Although birds reproduce through internal fertilization, 97% of males completely lack a functional intromittent organ. For the 3% of birds with an intromittent organ, copulation occurs through brief insertion of the male organ into the vagina before ejaculation. Alternatively, for the vast majority of birds—a group comprising nearly 10,000 species—sperm transfer occurs by cloacal contact between the male and female, in a maneuver known as the "cloacal kiss". Birds are one of the only groups which reproduce through internal fertilization but have repeatedly lost the intromittent organ.

Male ostriches have a conical shaped penis that is wider at the base.

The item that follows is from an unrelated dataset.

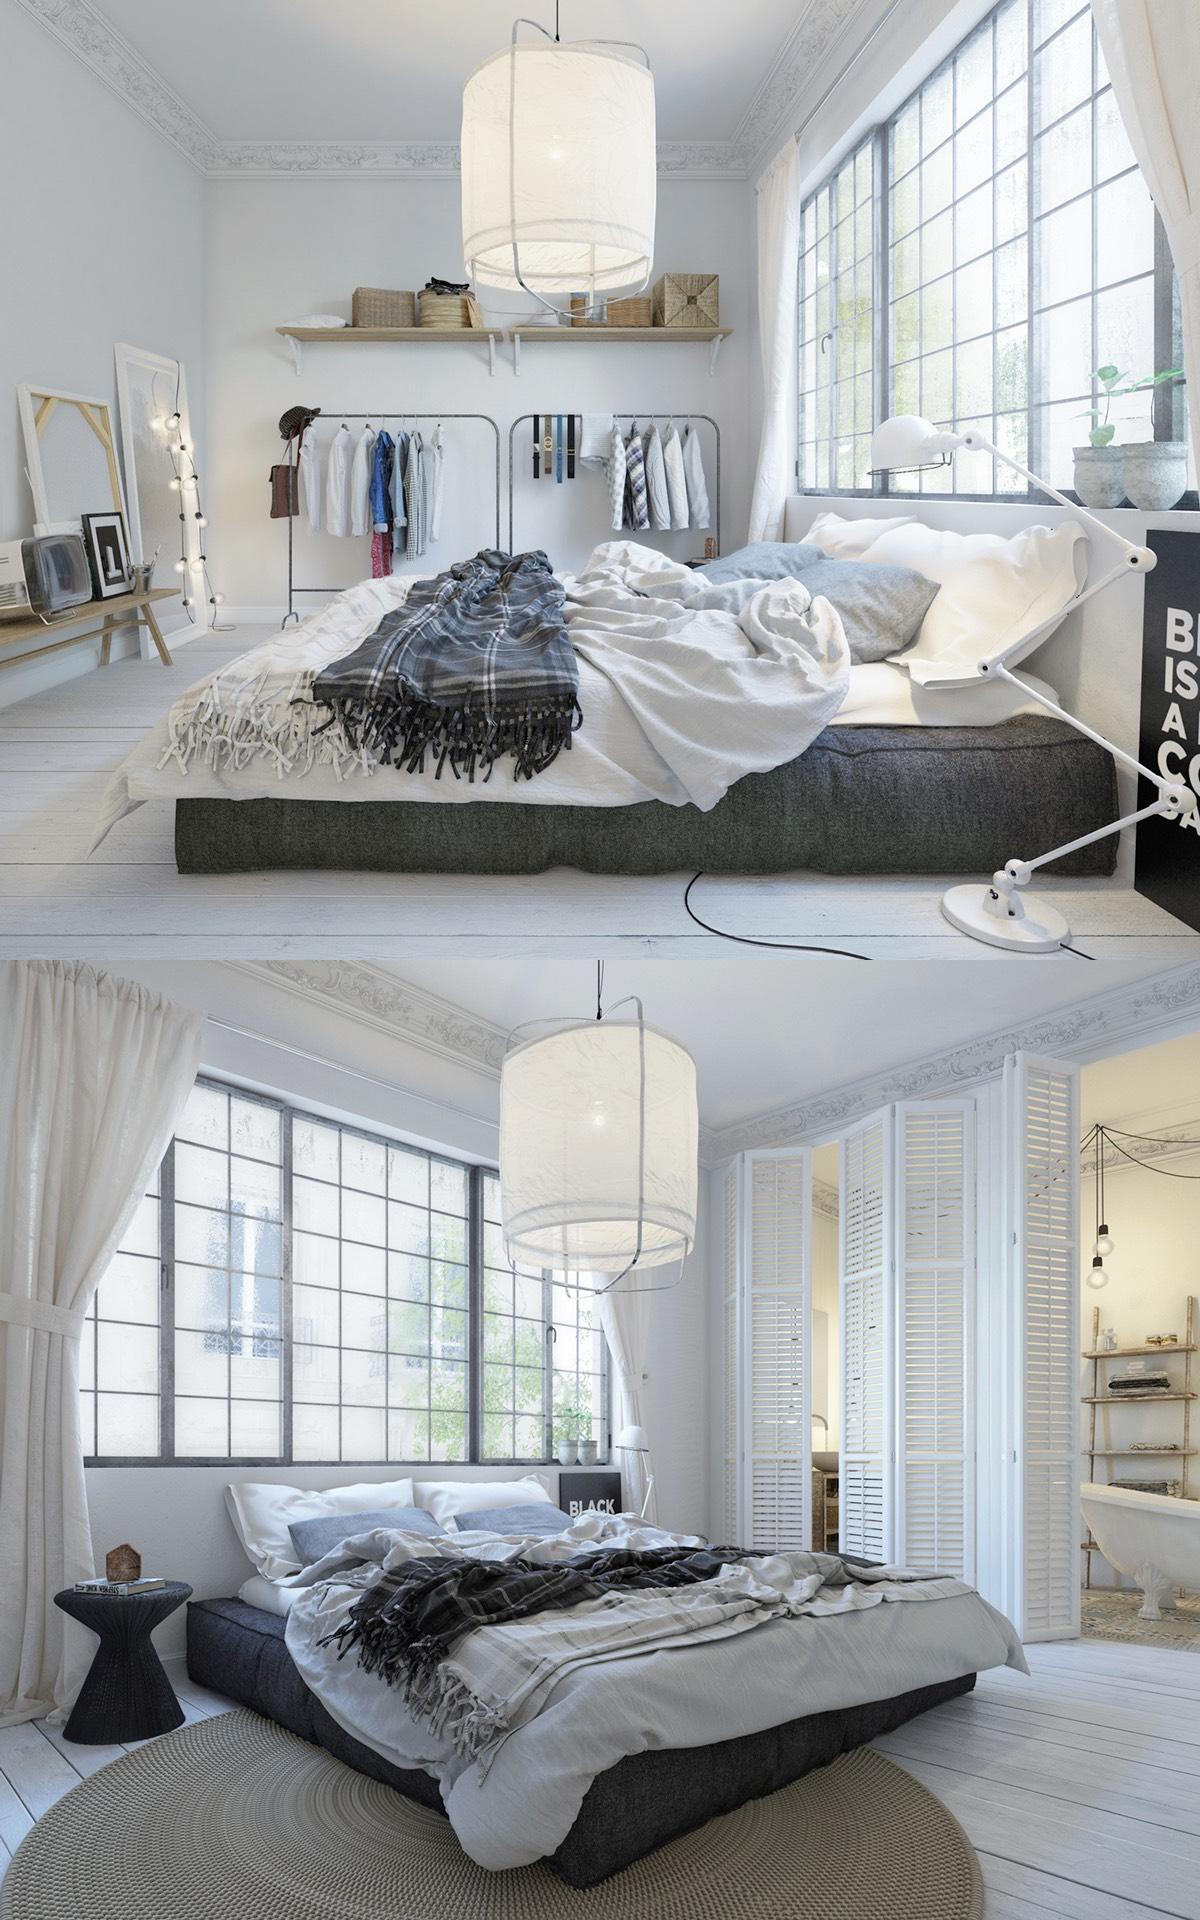 Фото спален в скандинавском стиле: идеи для вдохновения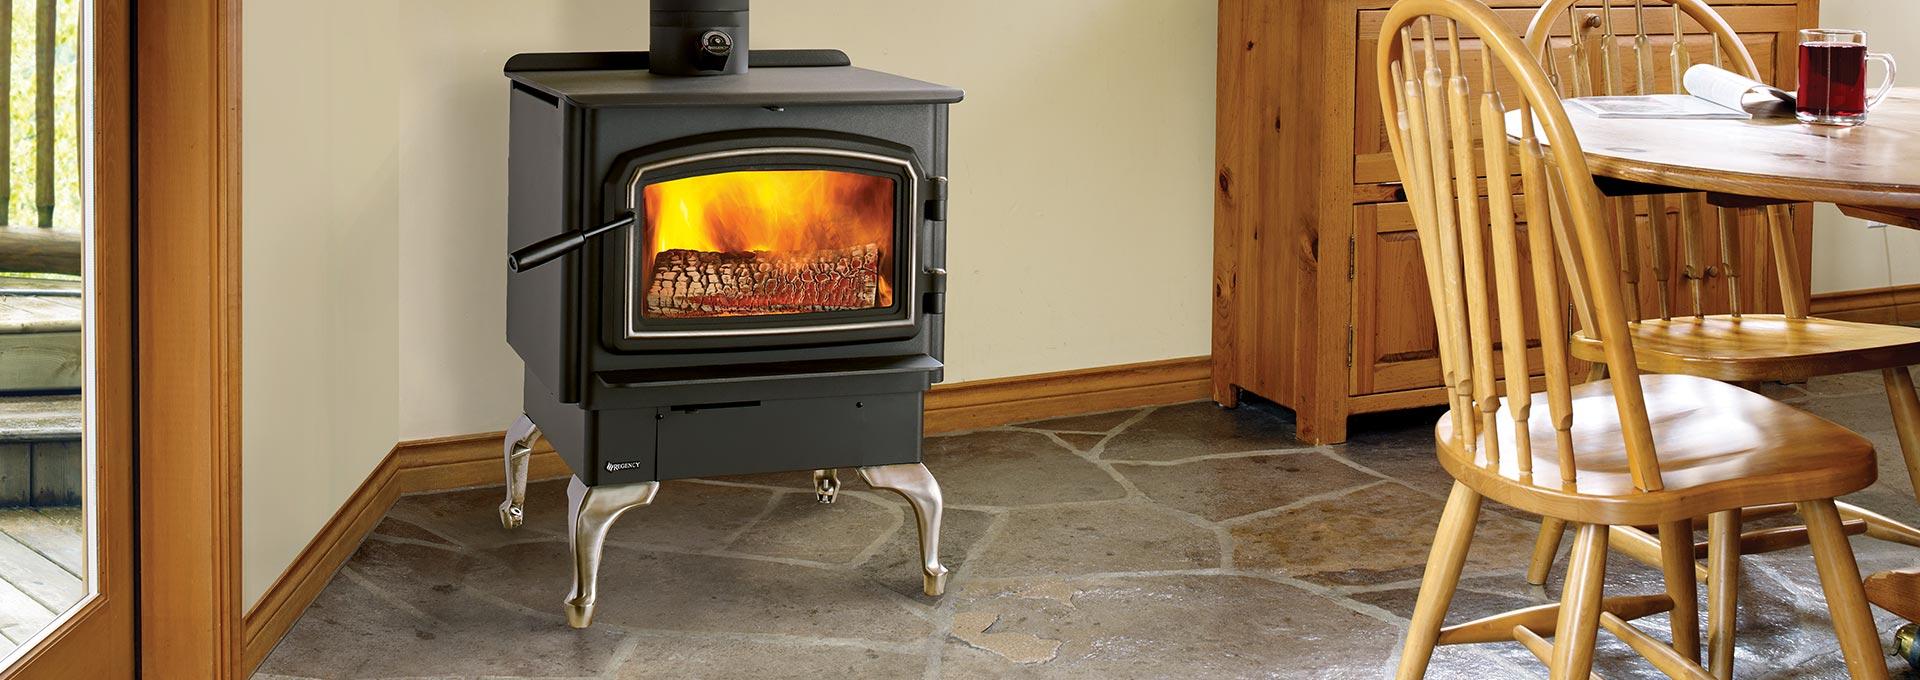 California Wood Burning Fireplace Law 2018 Lovely Wood Stoves

A functional intromittent organ is known to be present in most species of Paleognathae and Anseriformes. The Anseriformes (waterfowl) are a particularly interesting group to study given the high variability in intromittent organ morphology. Waterfowl intromittent organs range greatly in length, are often characterized by surface elaborations (both spines and grooves), and at times spiral counter-clockwise. Male ducks have a penis that is coiled along the ventral wall of the cloaca when flaccid and which may have an elaborate spiral shape when erect. Waterfowl intromittent organ variation is most likely due to an intersexual arms race resulting from a mating system in which forced extra-pair copulations are frequent.